**Data section**
- - -
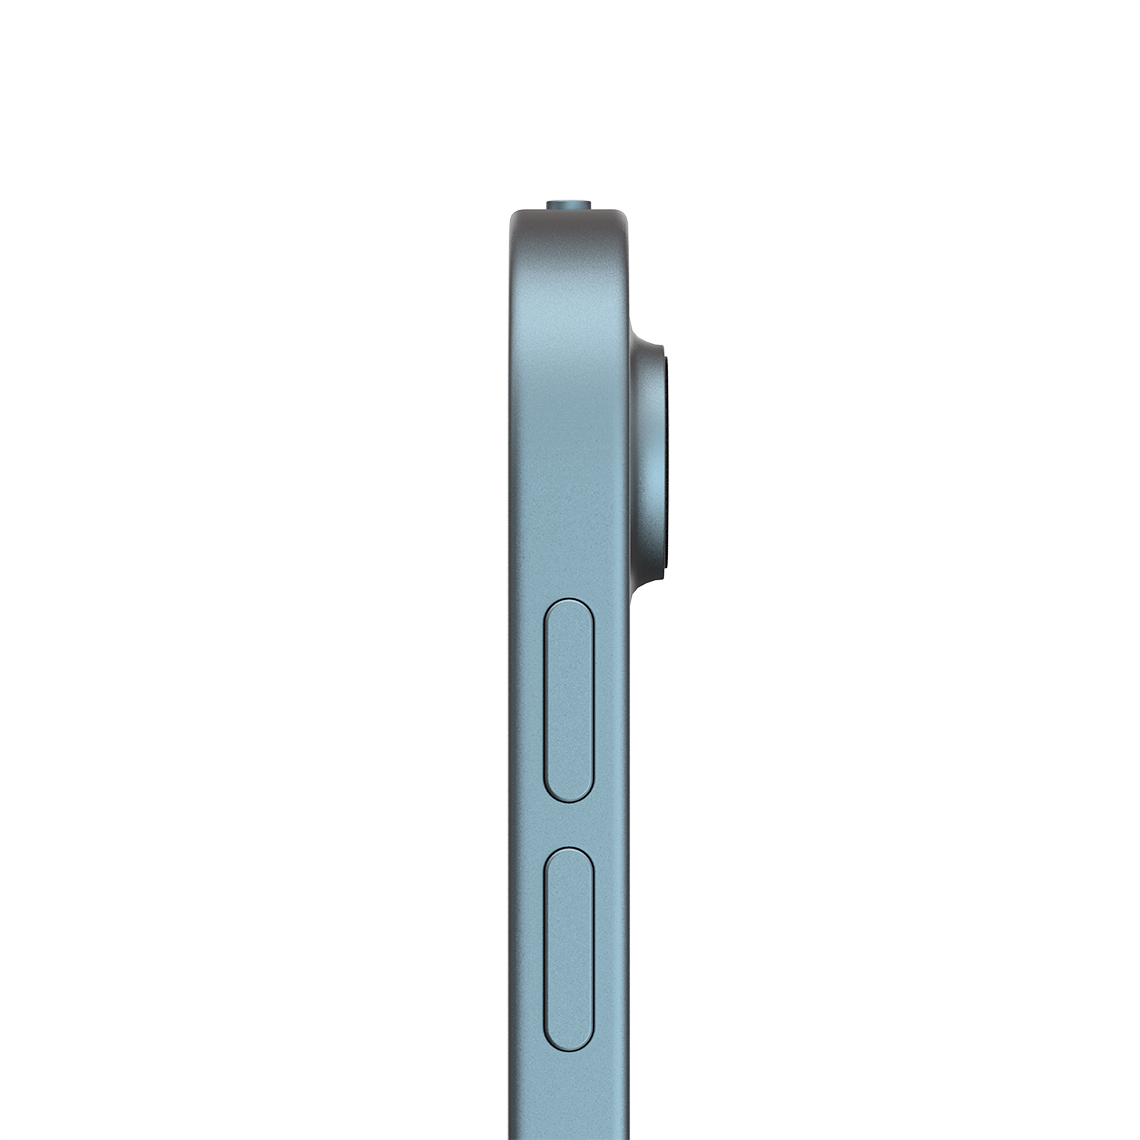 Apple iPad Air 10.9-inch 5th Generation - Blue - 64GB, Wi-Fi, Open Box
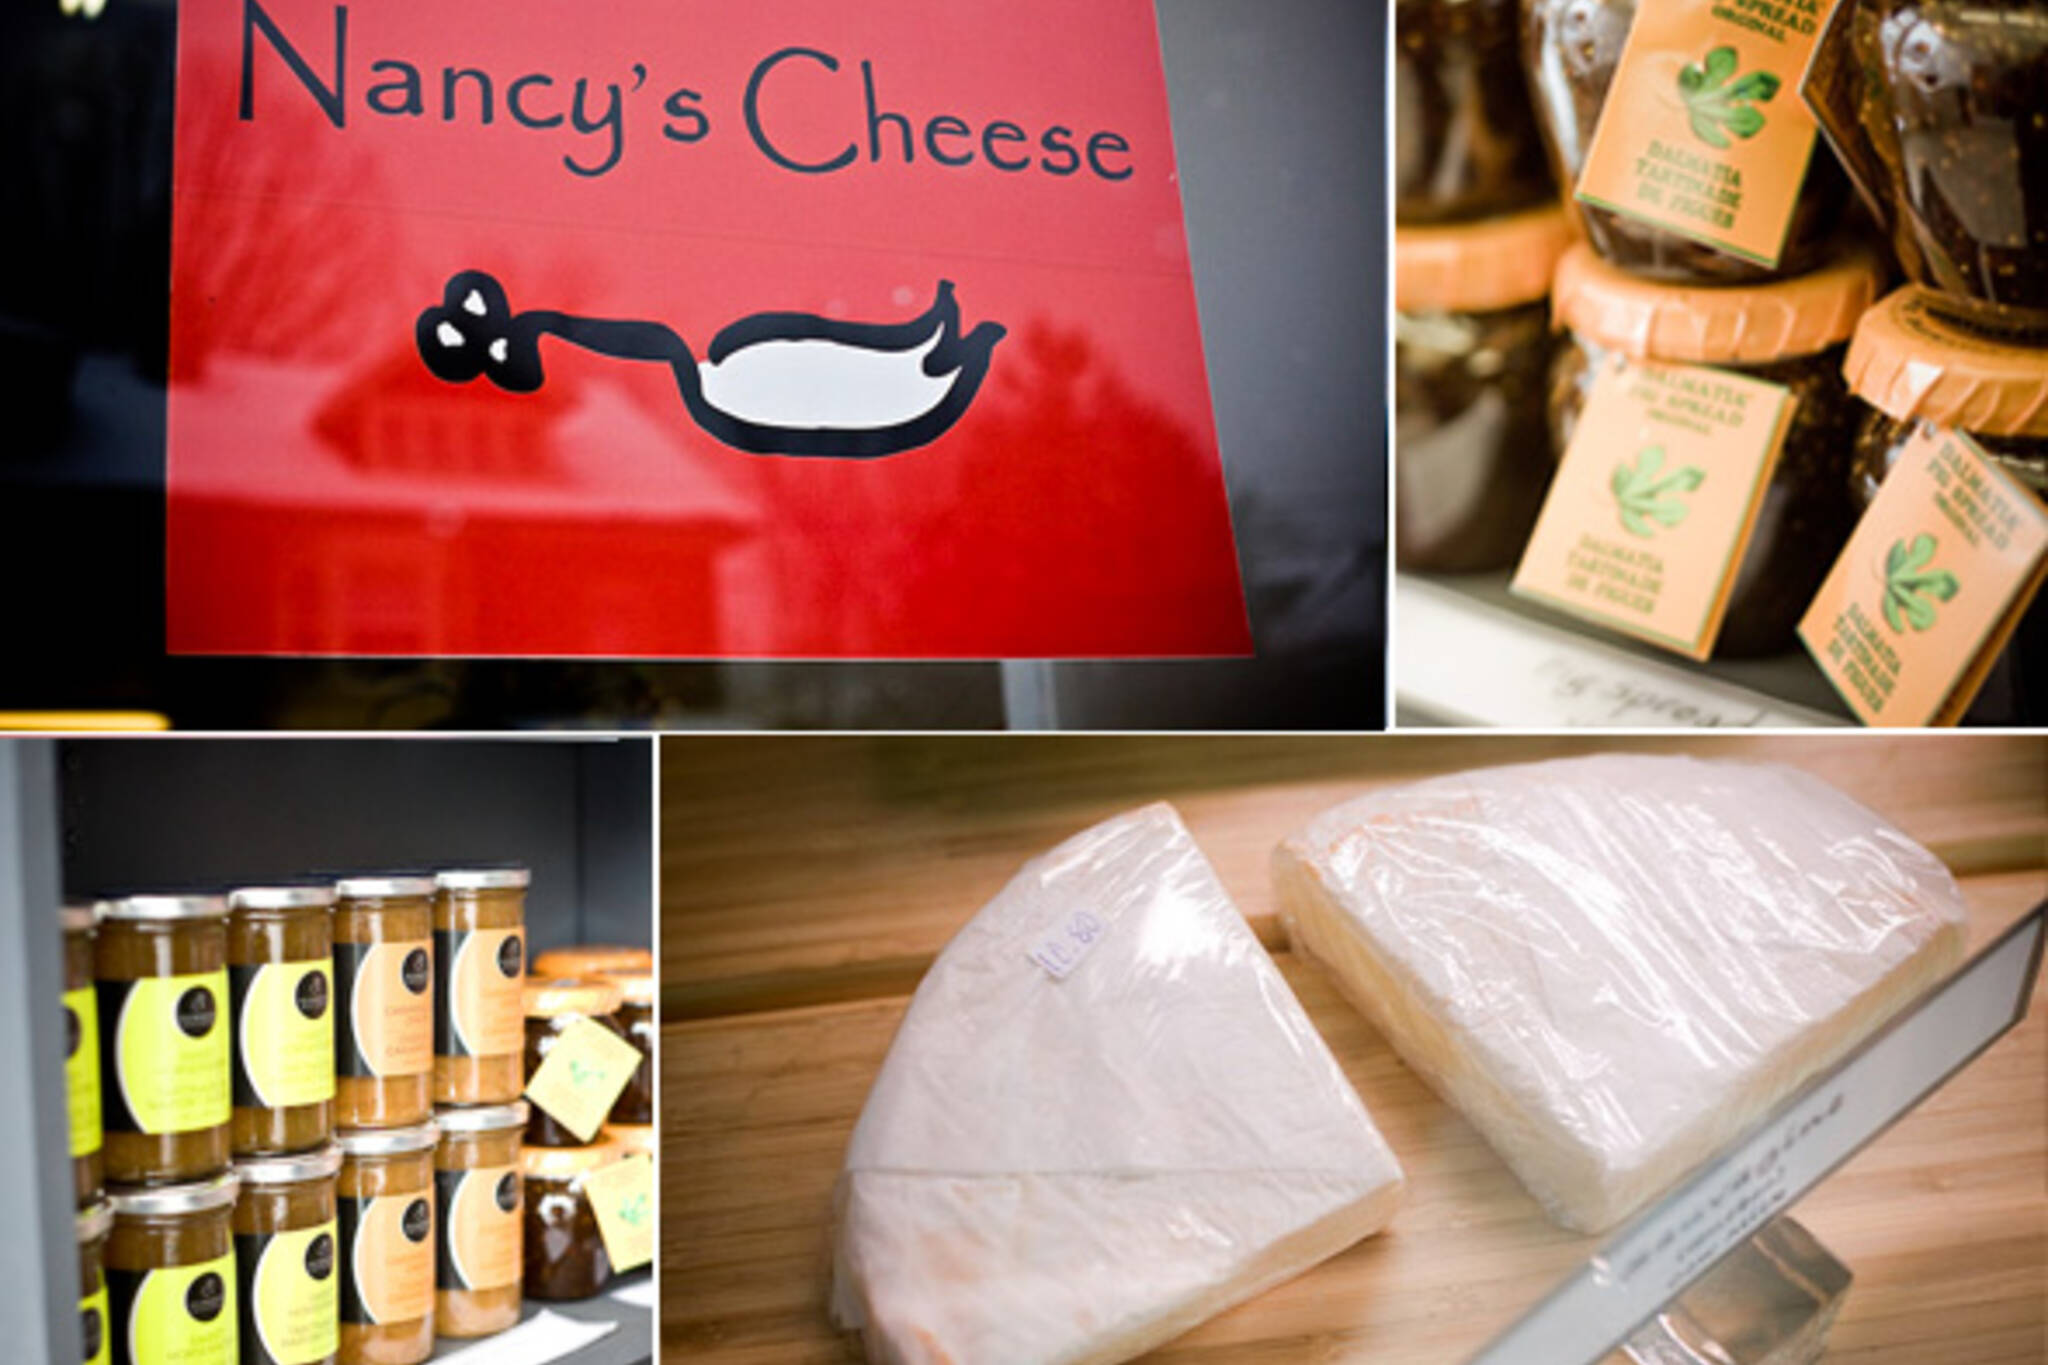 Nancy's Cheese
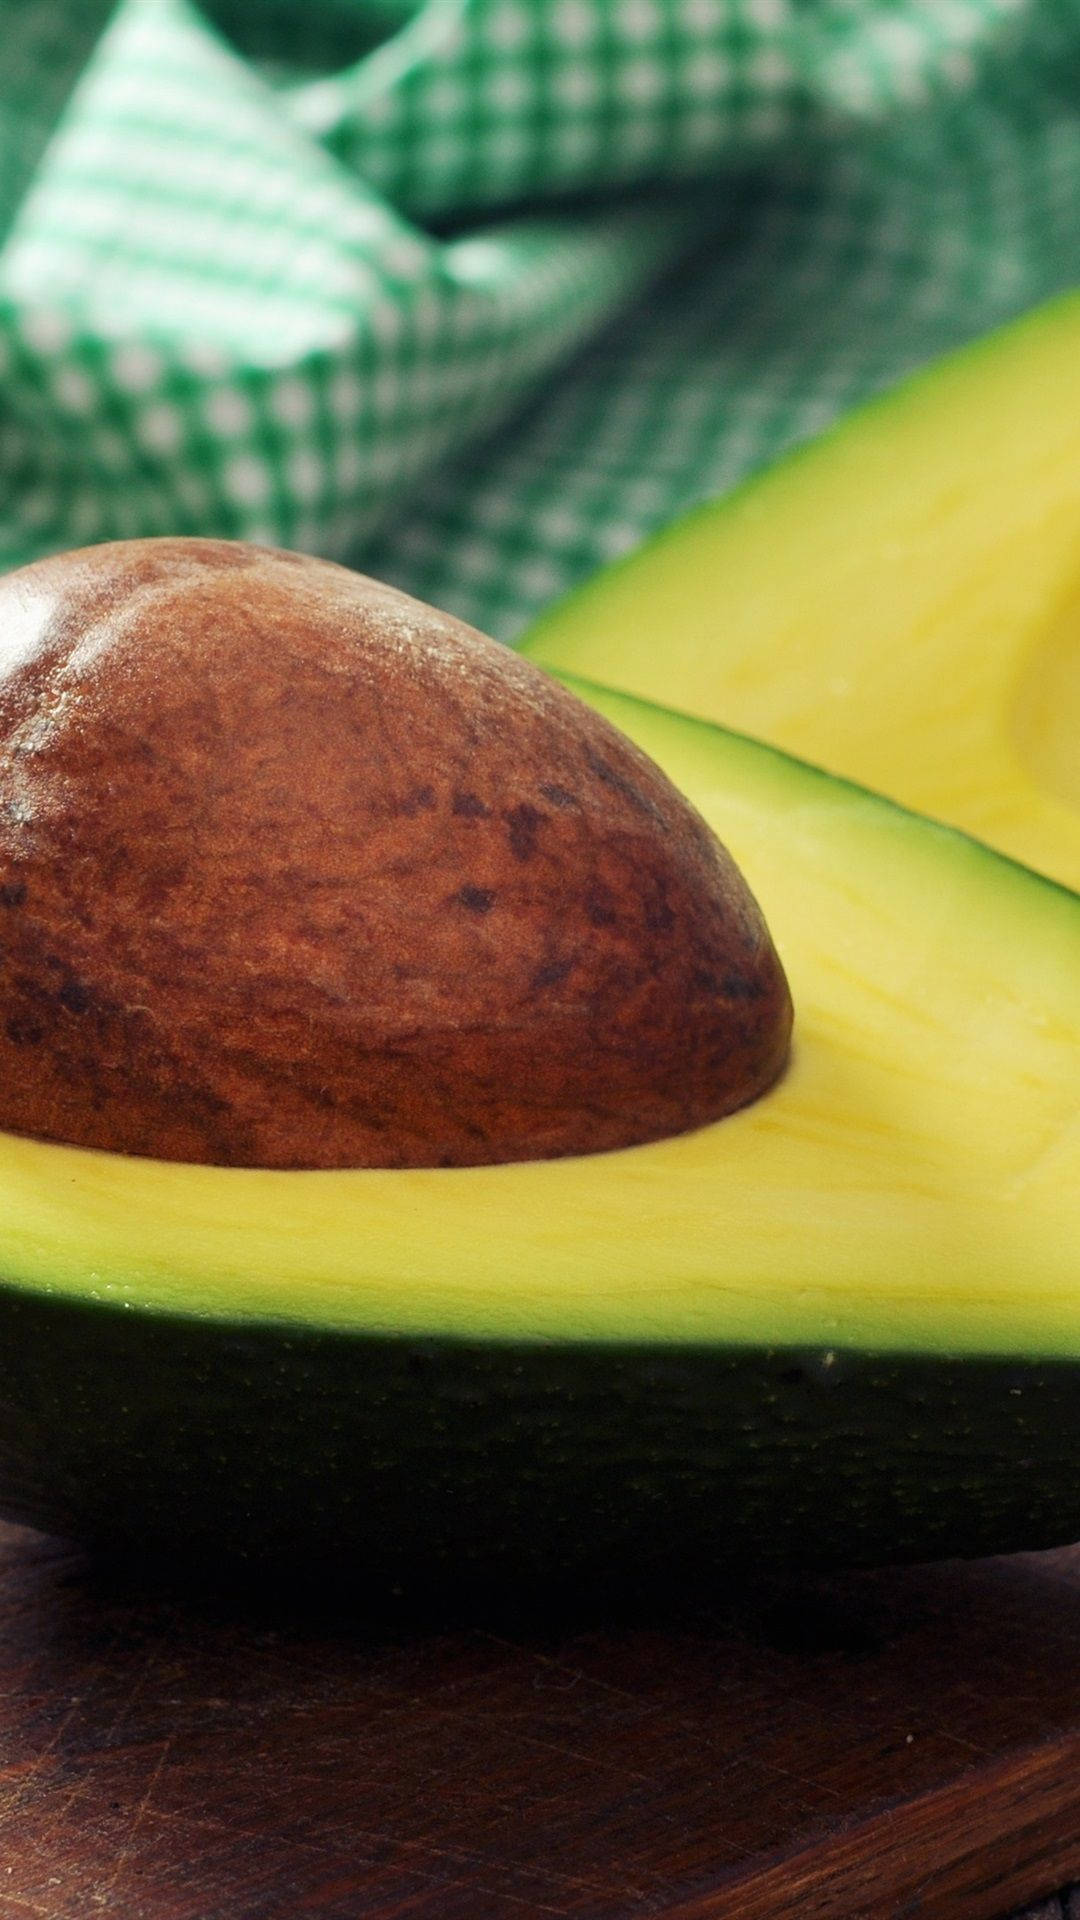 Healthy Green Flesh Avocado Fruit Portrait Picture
- - -
**Work item**
Leave every picture out, and transcribe the data above exactly as it reads.

**Solution to the exercise**
 Apple iPad Air 10.9-inch 5th Generation - Blue - 64GB, Wi-Fi, Open Box
 Nancy's Cheese
 Healthy Green Flesh Avocado Fruit Portrait Picture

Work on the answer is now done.